54 refugees stranded in Syria repatriated to Kurdistan Region  

A group of refugees are pictured near an area in Smaqoli, east of Erbil, September 11, 2021.

SULAIMANI (ESTA) — Fifty-four Kurdish refugees were repatriated to the Kurdistan Region on Saturday, ten days after being stranded in Syria, according to Esta Media Network reporter and a refugee watchdog. 

Turkey deported nearly 60 people from the Kurdistan Region to Syria last week, according to the Lutka Foundation for Refugees and Displaced Affairs.

Head of Lutka foundation Ari Jalal said the refugees were detained by Turkish police in Izmir as they were trying to cross into Greece.

They were held at a refugee camp in Gaziantep for over 10 days before they were handed over to Turkish-backed militant groups in Syria, he added.

Esta Media Network reporter said 54 of the refugees were repatriated to the Kurdistan Region with the help of Deputy Prime Minister Qubad Talabani.

“We were in a very bad condition.

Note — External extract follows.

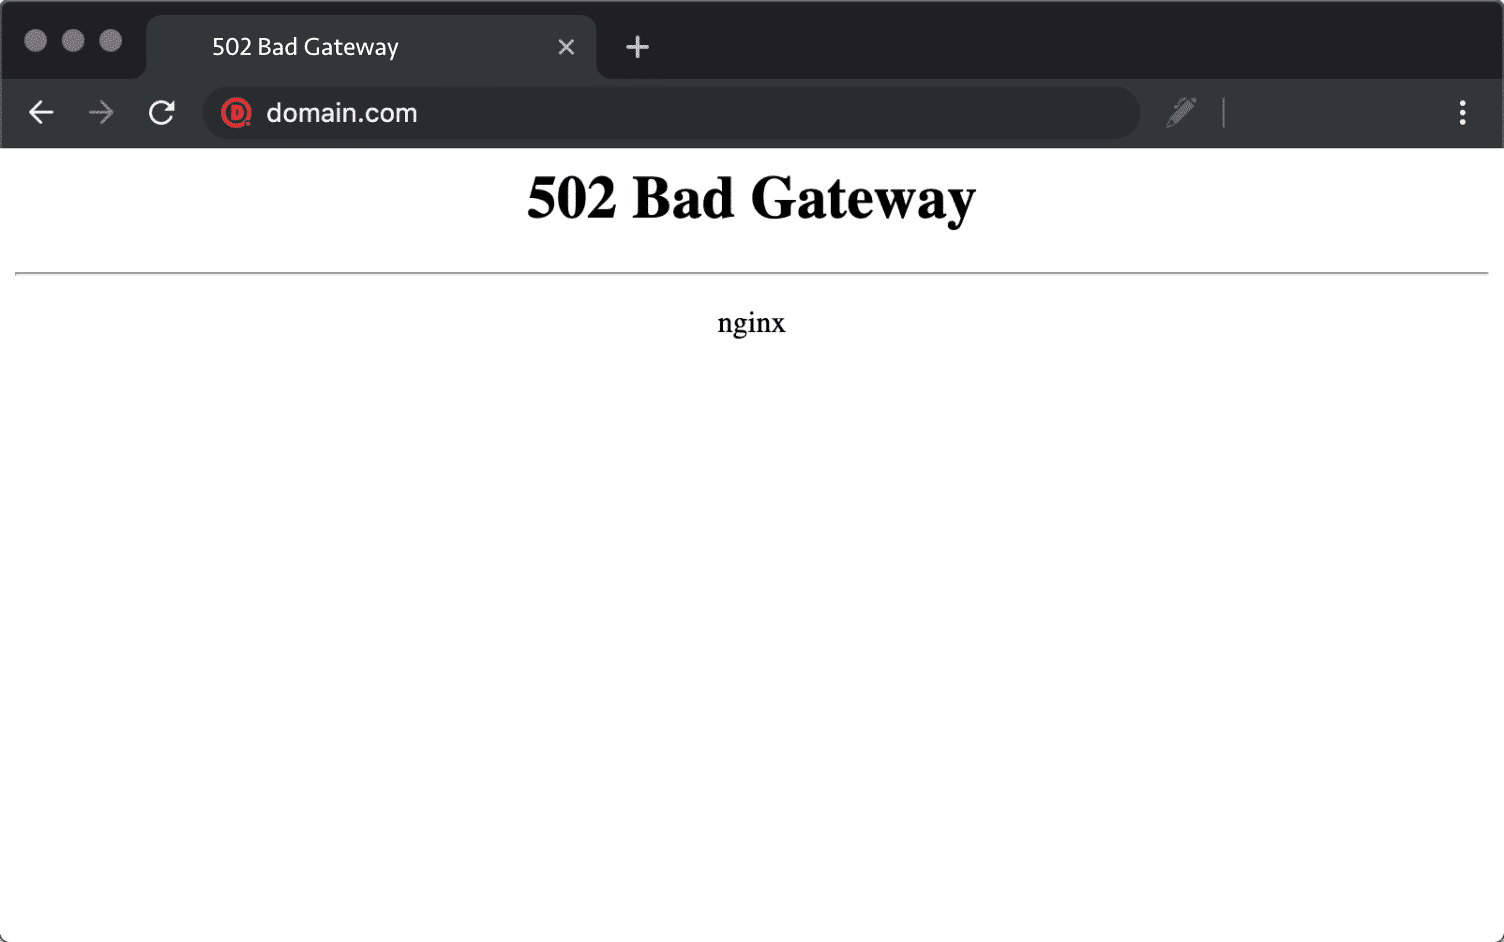 A 502 (Bad Gateway) error.

We were given only one meal per day,” one of the refugees told Esta Media Network.

He said as many as 54 out of 57 refugees were returned.

“The three other refugees are still missing, and we don’t know where they were taken,” he added, calling on the Iraqi and Kurdish governments to locate them and repatriate them to the Region.

The head of Lutka foundation told Esta Media Network that the three other refugees had gone missing after they tried to illegally cross the border to Turkey again.

“The three were detained again as they were trying to illegally cross into Turkey,” Jalal said. “They had said they were not planning to return to the Kurdistan Region, but we are still investigating to bring them back.”

The deputy prime minister’s office had been in contacts with the related authorities to return the refugees, he added.

He also thanked the Iraqi ministry of migration and displacement as well as the Iraqi embassy in Ankara to coordinate with the foundation to bring them back to the Region.

Thousands of people from the Kurdistan Region have migrated to European countries following an economic crisis that hit the Region in 2014.

In October 2020, the Kurdistan parliament’s committee of relations and Kurdish diaspora said nearly 14,500 youths from the Region had migrated to European countries in the year due to economic crisis, political situation, injustice and corruption.

Twenty-seven had gone missing, it added.

Nearly 450,000 people in the Region and Iraq had migrated to Europe between 2014 and 2020, according to the parliament’s committee.